##### Collected data

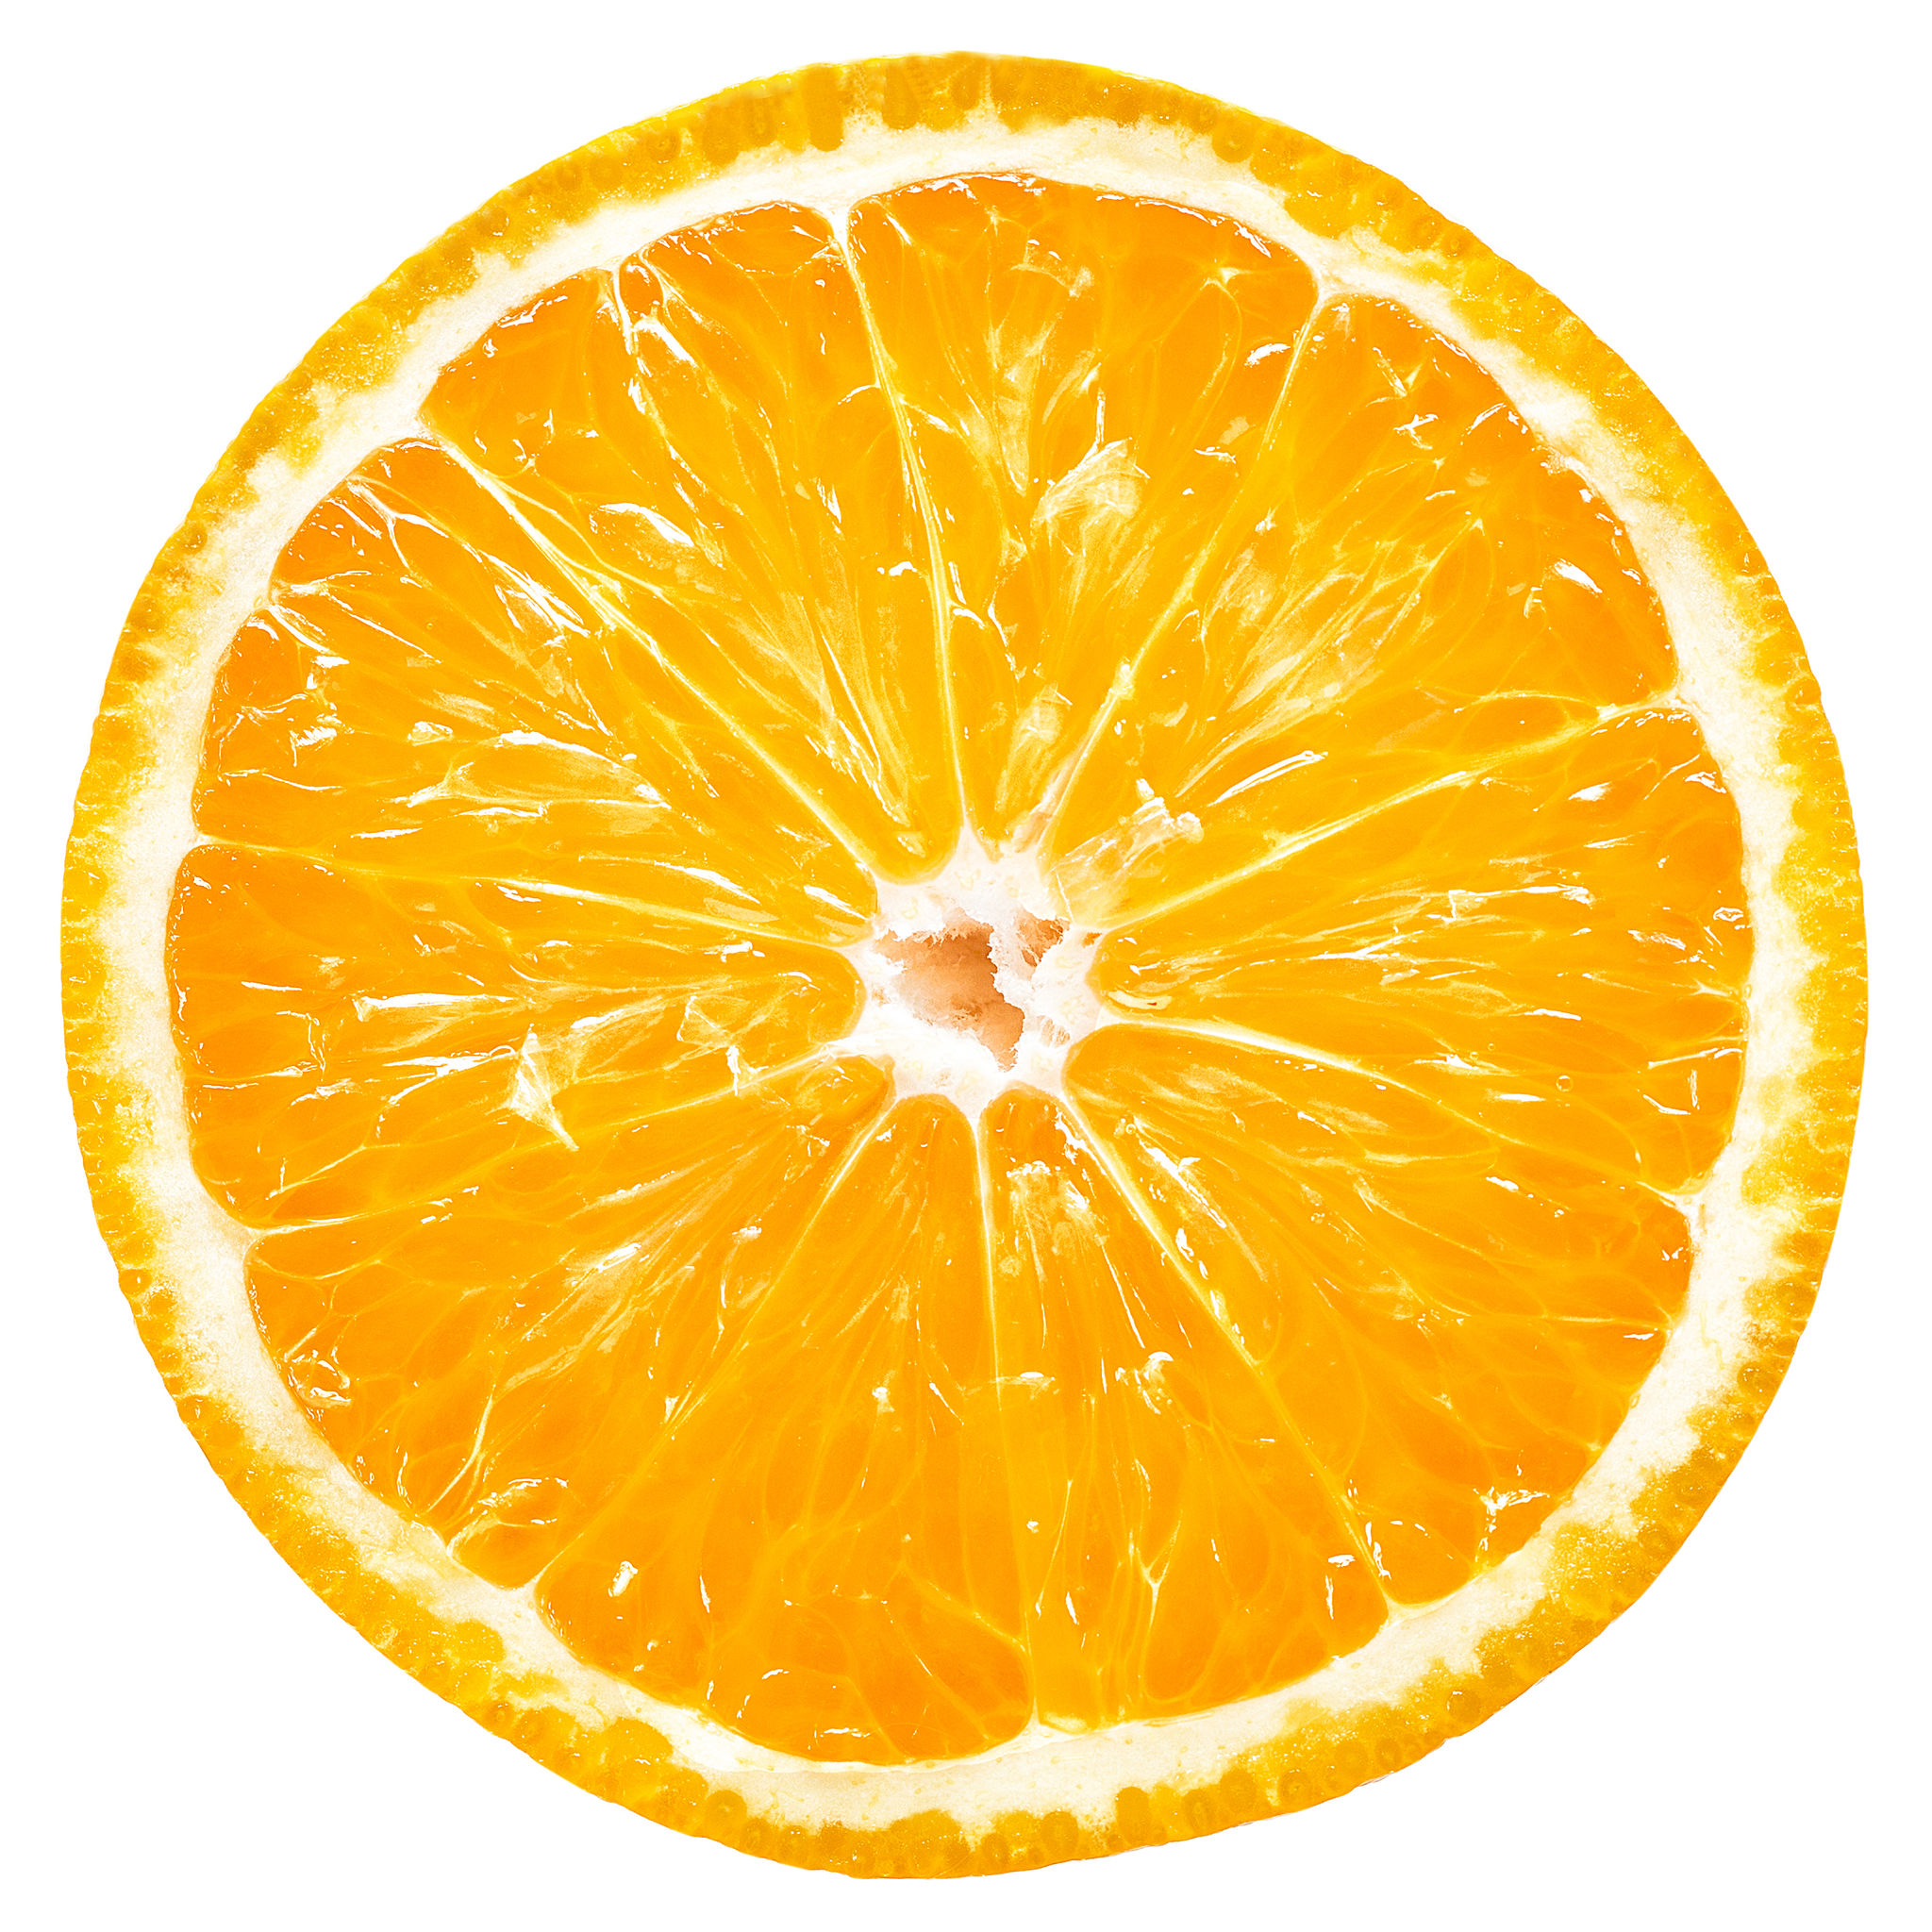 Orange slice to indicate the terpene limonene
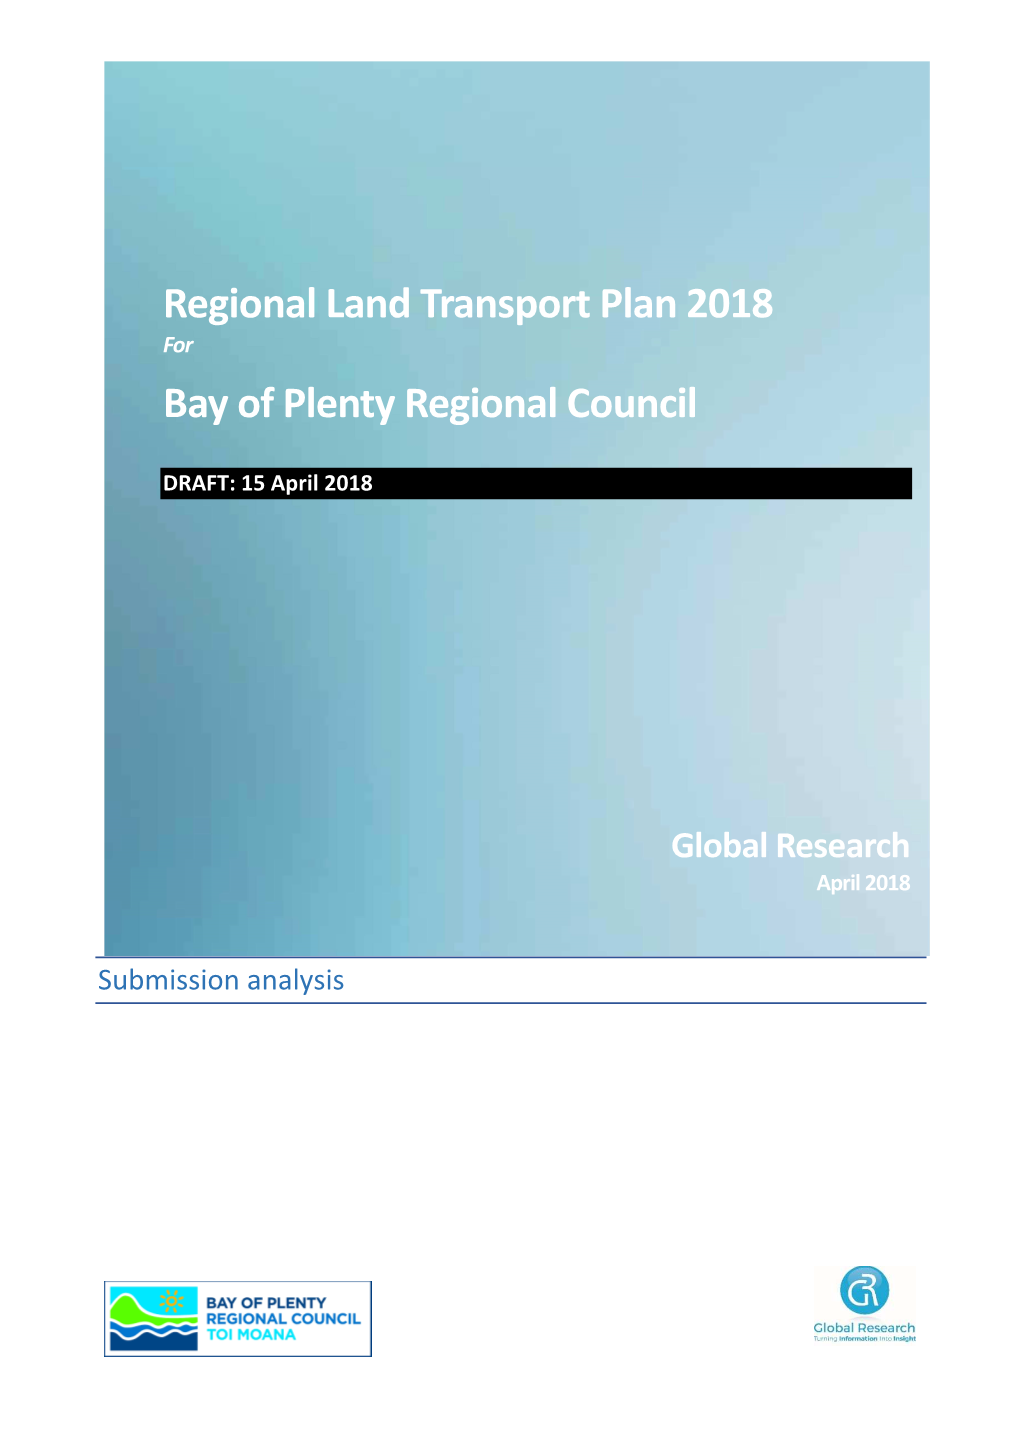 Regional Land Transport Plan 2018 for Bay of Plenty Regional Council
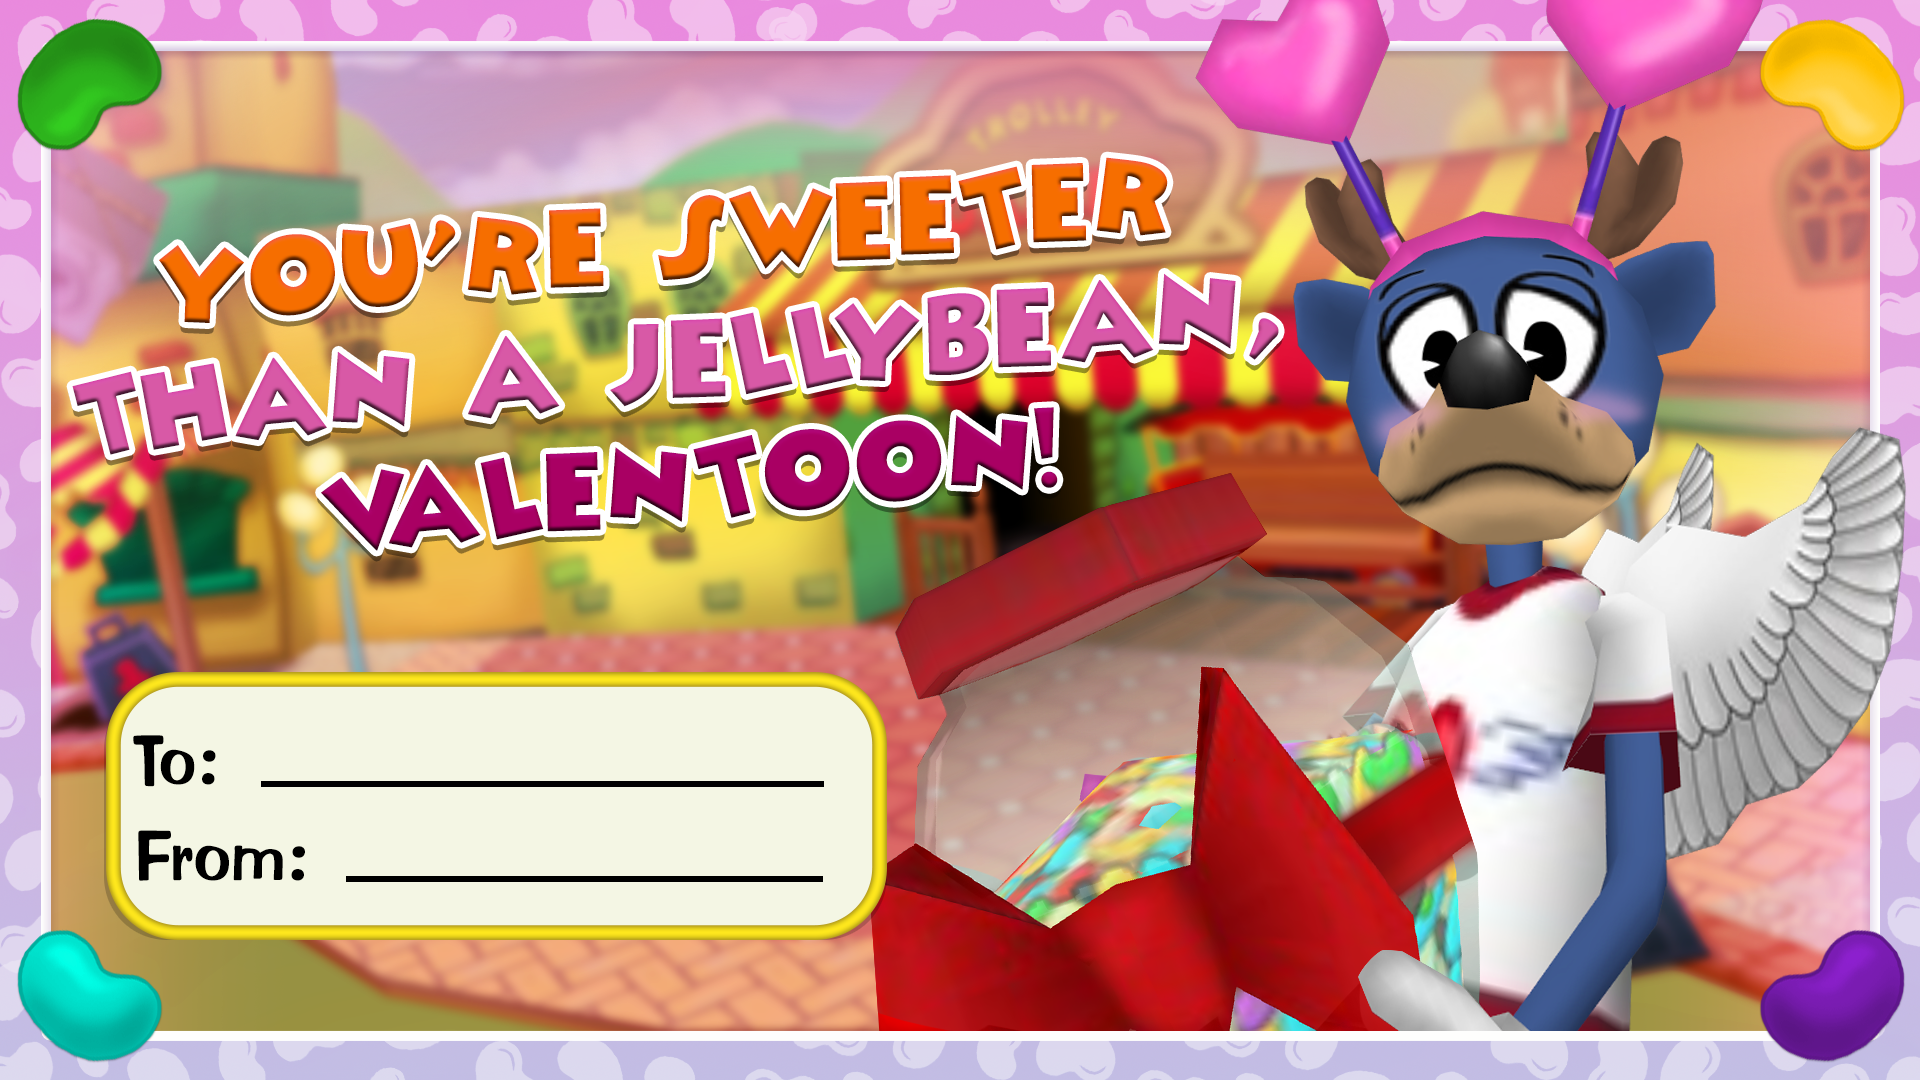 You're Sweeter Than a Jellybean, ValenToon!

##########

Only the pictures are to be dropped; return everything else in the listing exactly.

 Orange slice to indicate the terpene limonene
 Regional Land Transport Plan 2018 for Bay of Plenty Regional Council
 You're Sweeter Than a Jellybean, ValenToon!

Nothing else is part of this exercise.